Aircraft flow balance \[ \underbrace{y_{n^+}^k + \sum_{i\in O(k,n)} f_i^k}_{\text{Flows leaving node $n$}} = \underbrace{y_{n^-}^k + \sum_{i\in I(k,n)} f_i^k}_{\text{Flows entering node $n$}} \quad \forall n\in N^k,\;\forall k\in K \]
Utilization limits \[ \underbrace{\sum_{a\in N^k} y_a^k + f_a^k}_{\text{Total hours used by fleet $k$}} \;\le\; \underbrace{A c^k}_{\text{Available capacity of fleet $k$}} \quad \forall k\in K \]
Leg capacity with spill/recapture \[ \underbrace{\sum_{p\in P}\delta_i^{p}\, b_p}_{\text{Primary pax on leg $i$}} \;+\; \underbrace{\sum_{p\in P}\sum_{q\in P}\delta_i^{\,q}\, y_{pq}}_{\text{Recaptured pax on leg $i$}} \;\le\; \underbrace{\sum_{k\in K} s_k\, f_i^k}_{\text{Seats supplied on leg $i$}} \quad \forall i\in L \]
Demand limits \[ \underbrace{\sum_{r\in P} t_p^r}_{\text{Total pax assigned to itinerary $p$}} \;\le\; \underbrace{D_p}_{\text{Demand for $p$}} \quad \forall p\in P \]
The methodology applied in this study follows the framework presented in Barnhart, Farahat, and Lohatepanont (2009), Airline Fleet Assignment with Enhanced Revenue Modeling, Operations Research, 57(1): 231–244. https://doi.org/10.1287/opre.1070.0503
From Barnhart et al. (2009), IFAM refines revenue modeling by optimizing passenger bookings \(v_p\) for each product \(p\) (itinerary–fare class), subject to capacity constraints:
\[ \max\; \underbrace{\sum_{p \in P} h_p v_p}_{\text{Revenue from booked products}} \;-\; \underbrace{\sum_{l \in L} \sum_{f \in F} c_{l,f} x_{l,f}}_{\text{Operating costs of assignments}} \]
subject to leg capacities
\[ \underbrace{\sum_{p \in P} \delta_{p,l} v_p}_{\text{Passengers using leg }l} \;\leq\; \underbrace{\sum_{f \in F} \text{CAP}_f x_{l,f}}_{\text{Seats from fleet $f$ on leg $l$}} \qquad \forall l \in L \]
and demand bounds
\[ \underbrace{0 \;\leq\; v_p \;\leq\; D_p}_{\text{Bookings bounded by demand}} \qquad \forall p \in P \]

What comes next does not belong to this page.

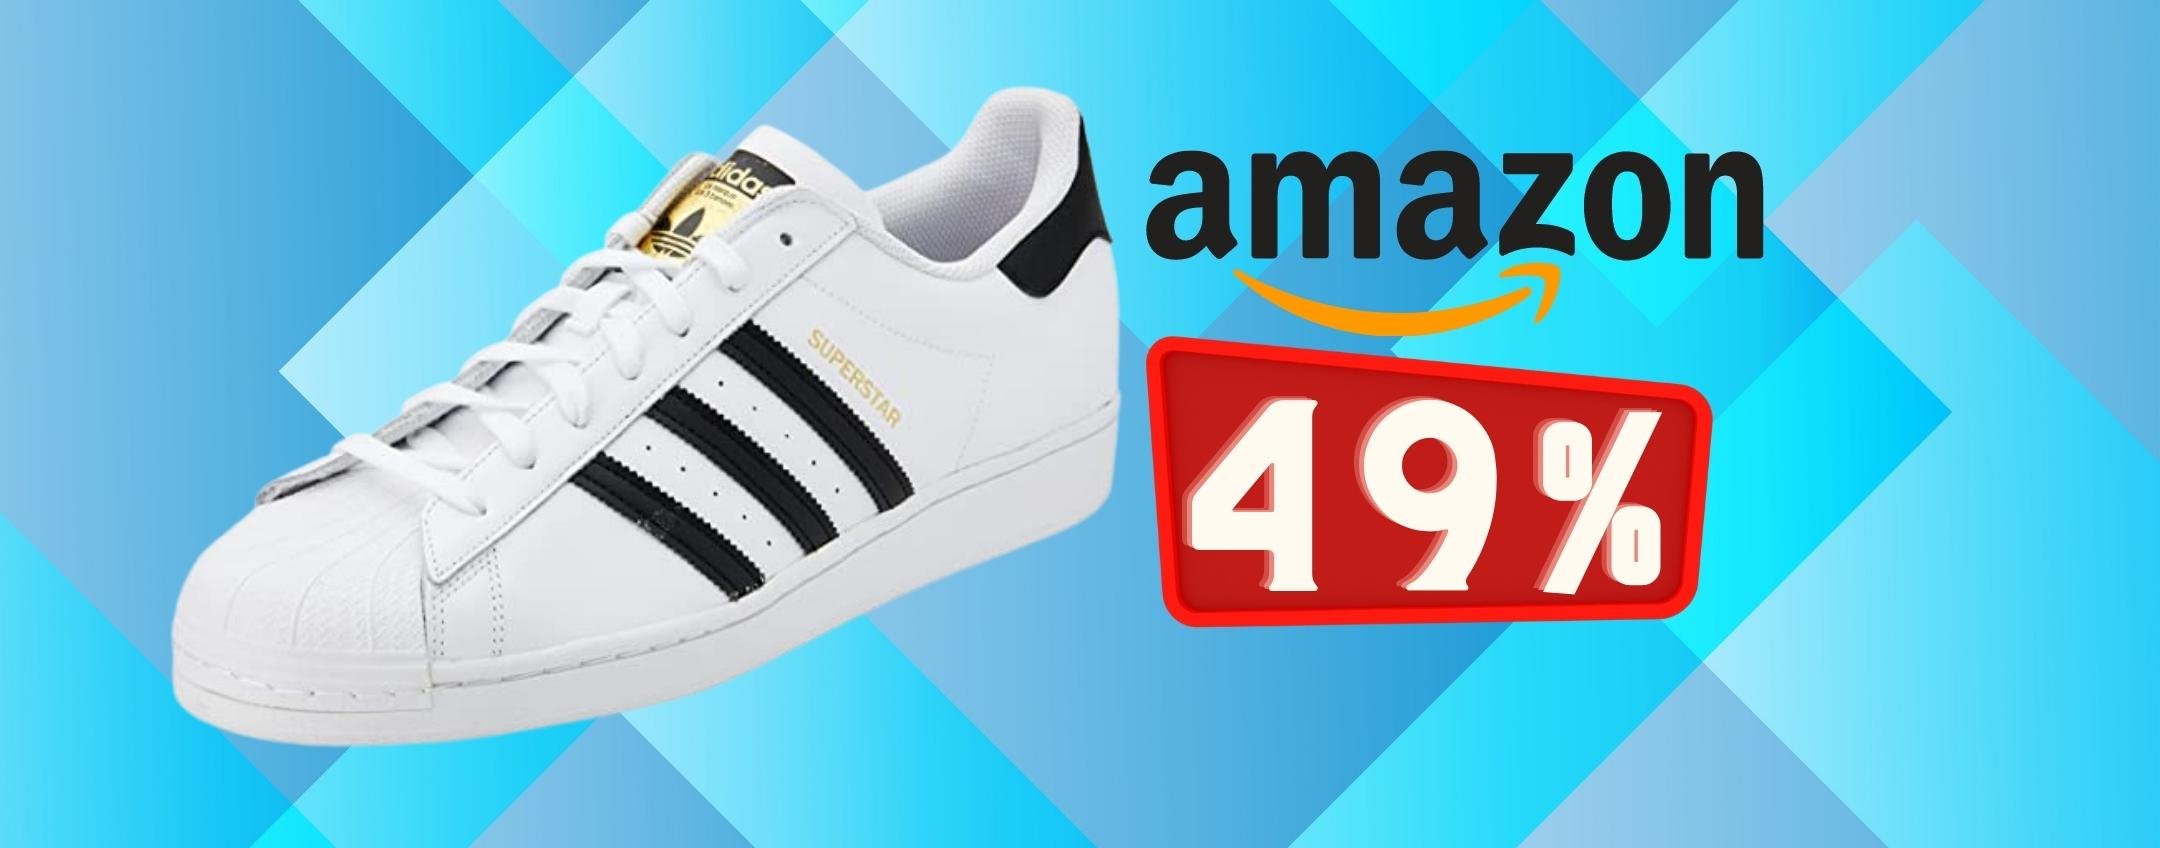 Adidas superstar: le mitiche sneakers sono in SCONTO su Amazon al 49%

This code extends IFAM with linear spill (\(s_p\)) and recapture (\(y_{p,q}\)), allowing spilled demand from product \(p\) to be recaptured on alternative \(q\), with recapture rate \(\rho_p\) and revenue dilution \(\gamma_q\).
Packages are essential for optimization (OMPR with ROI plugins for solvers like GLPK/Symphony) and data handling (tidyverse). Theoretical basis: Optimization models like IFAM are solved as mixed-integer programs (MIPs), requiring linear programming solvers.
suppressWarnings(
pacman::p_load(
tidyverse,
ompr,
ompr.roi,
ROI,
ROI.plugin.glpk, #glpk solver
scales,
ROI.plugin.symphony, #symphony solver
stringr,
kableExtra,
ggthemes,
character.only = FALSE
)
)
Parameters include fuel prices, recapture rates, and dilution factors. In revenue management, recapture models spilled-demand redirection:
\[ \underbrace{\sum_{q} y_{p,q}}_{\text{Recaptured from product $p$}} \;\le\; \underbrace{\rho_p s_p}_{\text{Recapture cap by rate}} \]

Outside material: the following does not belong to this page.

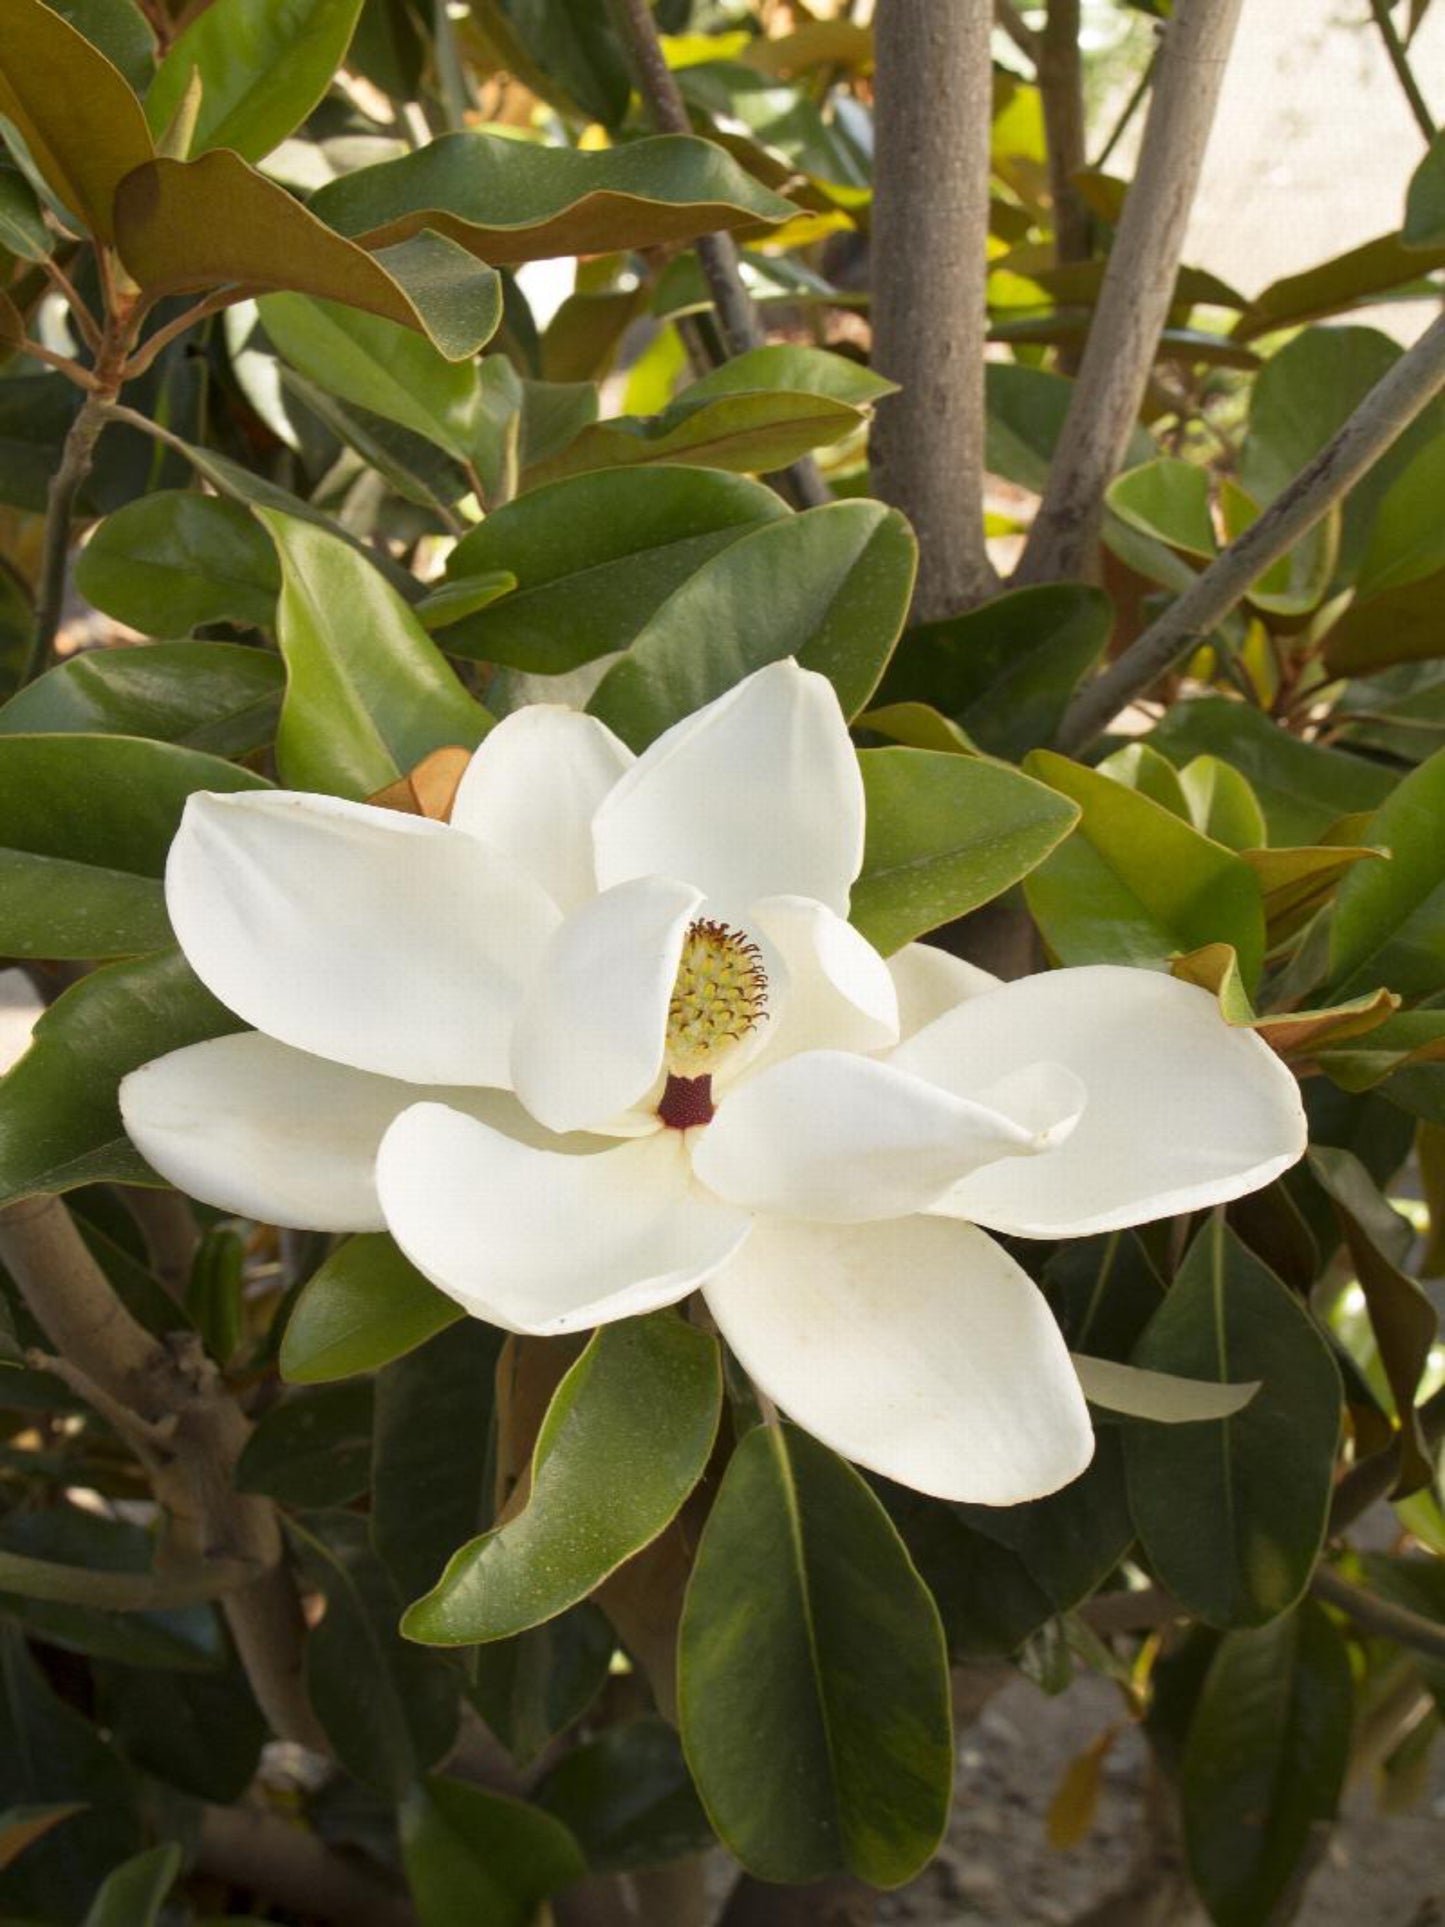 magnolia grandiflora is host tree for tiger swallowtail

\[ \underbrace{\gamma_q h_q}_{\text{Diluted revenue on $q$}} \qquad \text{with typically } \gamma_q < 1 \]
From the paper, enhanced revenue modeling in IFAM/SFAM approximates such dynamics linearly for tractability.

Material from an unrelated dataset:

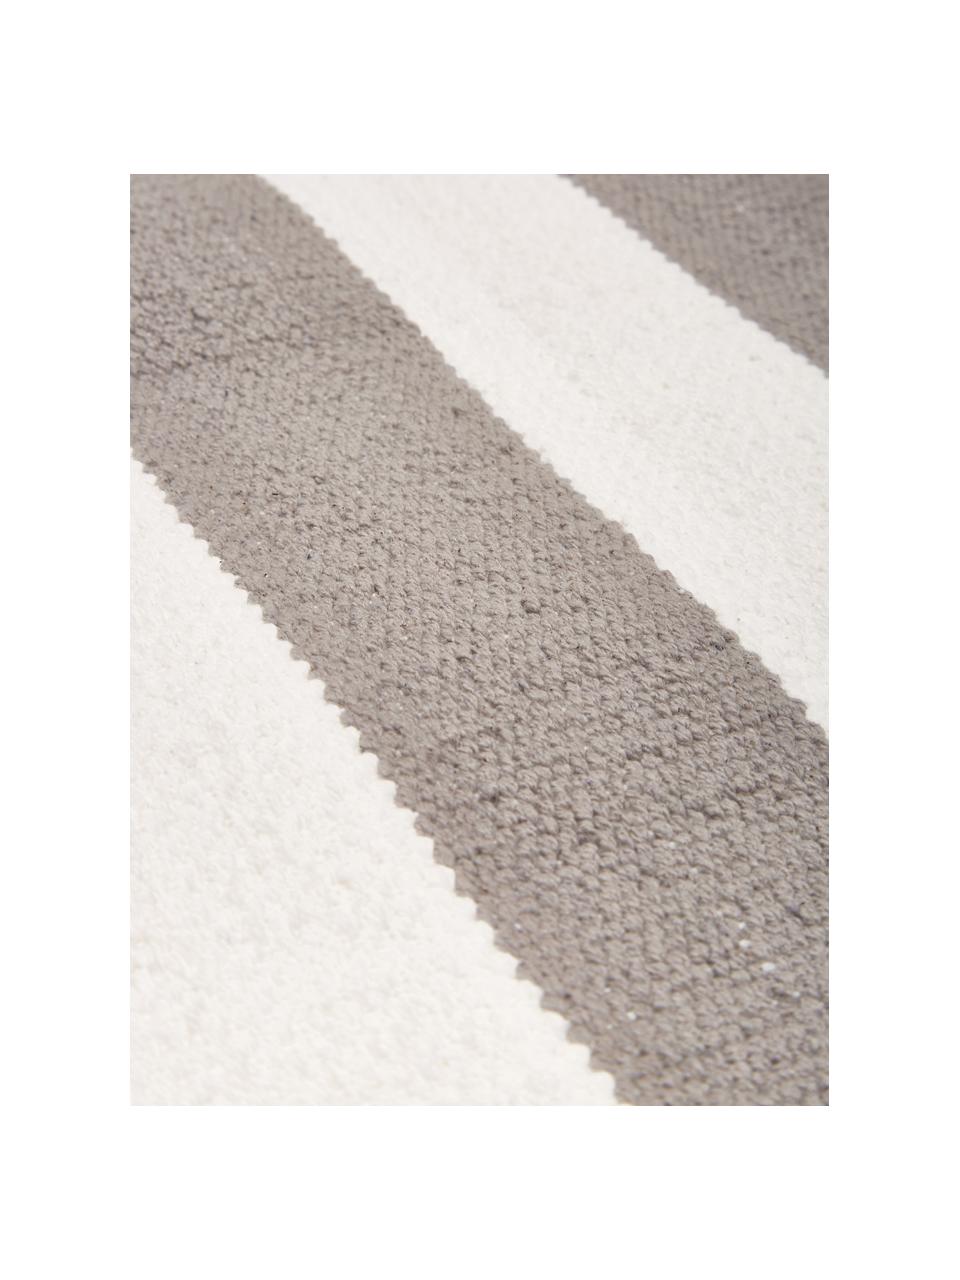 Gestreifter Baumwollteppich Blocker in Grau/Weiß, handgewebt, 100 % Baumwolle, GRS-zertifiziert, Grau, B 200 x L 300 cm (Größe L)

fuel_price_usd_per_t <- 700
# Using approximately USD 700 per tonne, which aligns with Jet A-1 market spot prices (e.g., U.S.: USD 697.6/MT) as of late August 2025.
default_recapture_rate <- 0.60
# Recapture rate (0-1) [Source: Revenue Management / Network Planning (based on historical rebooking)]
default_recapture_gamma <- 0.90
# Revenue dilution for recaptured pax (0-1) [Source: Pricing & Yield Management (based on historical fare mix and dilution analysis)]
Flight data includes legs with origins, destinations, block hours, distances, and required range.
Basic FAP theory: each leg \(l \in L\) must be covered by one fleet type \(f \in F\):
\[ \underbrace{\sum_{f \in F} x_{l,f}}_{\text{Assignment to leg $l$}} \;=\; \underbrace{1}_{\text{Exactly one fleet assigned}} \qquad \forall l \in L \]
flights <- tibble::tribble(
~flight_id, ~origin, ~dest, ~block_h, ~distance_km, ~req_range_nm,
"BA001", "LHR", "JFK", 8.0, 5556, 3200,
"BA002", "LHR", "JFK", 8.0, 5556, 3200,
"BA003", "LHR", "LAX", 11.0, 8755, 5400,
"BA004", "LHR", "DEL", 9.5, 6715, 3700,
"BA101", "LHR", "EDI", 1.3, 534, 500,
"BA102", "LHR", "EDI", 1.3, 534, 500
)
Fleet data specifies aircraft types with range, seats, turn times, available tails, utilization caps, and costs.
Constraints include fleet limits:
\[ \underbrace{\sum_{l \in L} \big(b_l + t_f\big)\, x_{l,f}}_{\text{Assigned block + turn hours}} \;\leq\; \underbrace{u_f \, n_f}_{\text{Total available utilization hours}} \qquad \forall f \in F \]
where \(b_l\) is block time, \(t_f\) turn time, \(u_f\) max utilization per tail, and \(n_f\) number of tails.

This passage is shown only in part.